Existing law requires a health care service plan or health insurer in the individual, small group, or large group markets to file rate information with the Department of Managed Health Care or the Department of Insurance. For large group plan contracts and policies, existing law requires a plan or insurer to file rate information with the respective department at least 60 days prior to implementing an unreasonable rate increase, as defined in PPACA. Existing law requires the plan or insurer to also disclose specified aggregate data with that rate filing. Existing law authorizes the respective department to review those filings, to report to the Legislature at least quarterly on all unreasonable rate filings, and to post on its Internet Web site a decision that an unreasonable rate increase is not justified or that a rate filing contains inaccurate information. Existing law requires prior notice, as specified, of changes to premium rates or coverage in order for those changes to be effective. 
This bill would add to the existing rate information requirement to further require large group health care service plans and health insurers to file with the respective department the weighted average rate increase for all large group benefit designs during the 12-month period ending January 1 of the following calendar year. The bill would require the notice of changes to premium rates or coverage for large group health plans and insurance policies to provide additional information regarding whether the rate change is greater than average rate increases approved by the California Health Benefit Exchange or by the Board of Administration of the Public Employees’ Retirement System, or would be subject to the excise tax described above. The bill would require the plan or insurer to file additional aggregate rate information with the respective department on or before October 1, 2016, and annually thereafter. The bill would require the respective department to conduct a public meeting regarding large group rate changes. The bill would require these meetings to occur annually after the respective department has reviewed the large group rate information required to be submitted annually by the plan or insurer, as specified. The bill would authorize a health care service plan or health insurer that exclusively contracts with no more than 2 medical groups to provide or arrange for professional medical services for enrollees or insureds to meet this requirement by disclosing its actual trend experience for the prior year using benefit categories that are the same or similar to those used by other plans or health insurers.
Because a willful violation of the bill’s requirements by a health care service plan would be a crime, the bill would impose a state-mandated local program.
 
The California Constitution requires the state to reimburse local agencies and school districts for certain costs mandated by the state. Statutory provisions establish procedures for making that reimbursement. 
This bill would provide that no reimbursement is required by this act for a specified reason.  

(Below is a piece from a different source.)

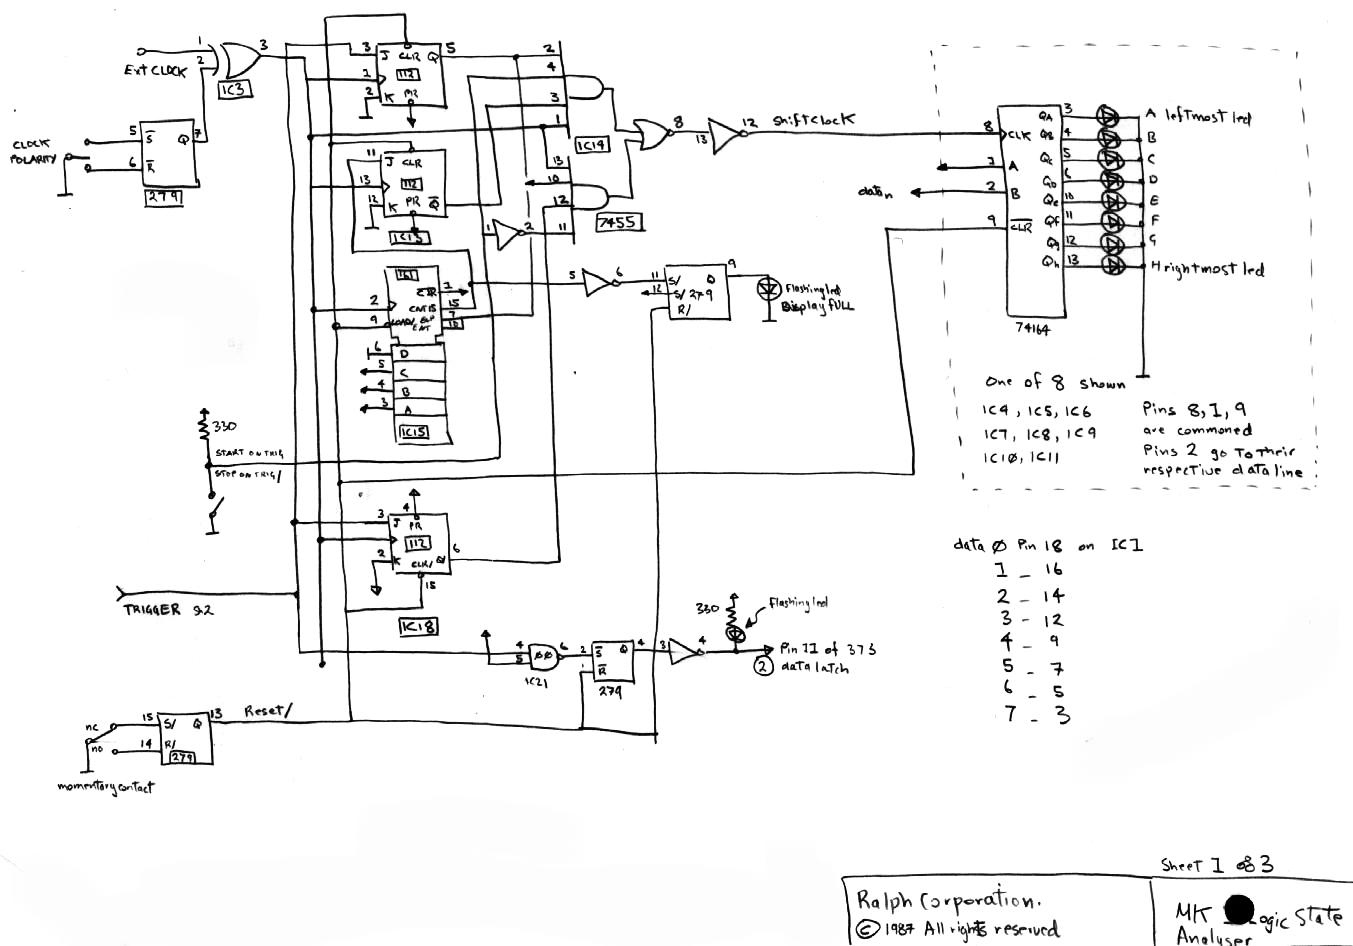 Lsa Shift Registers 74ls164 The Display Controller

THE PEOPLE OF THE STATE OF CALIFORNIA DO ENACT AS FOLLOWS: 
SECTION 1. Section 1374.21 of the Health and Safety Code is amended to read: 
1374.21. (a) (1) A change in premium rates or changes in coverage stated in a group health care service plan contract shall not become effective unless the plan has delivered in writing a notice indicating the change or changes at least 60 days prior to the contract renewal effective date.
(2) The notice delivered pursuant to paragraph (1) for large group health plans shall also include the following information:
(A) Whether the rate proposed to be in effect is greater than the average rate increase for individual market products negotiated by the California Health Benefit Exchange for the most recent calendar year for which the rates are final.
(B) Whether the rate proposed to be in effect is greater than the average rate increase negotiated by the Board of Administration of the Public Employees’ Retirement System for the most recent calendar year for which the rates are final.
(C) Whether the rate change includes any portion of the excise tax paid by the health plan.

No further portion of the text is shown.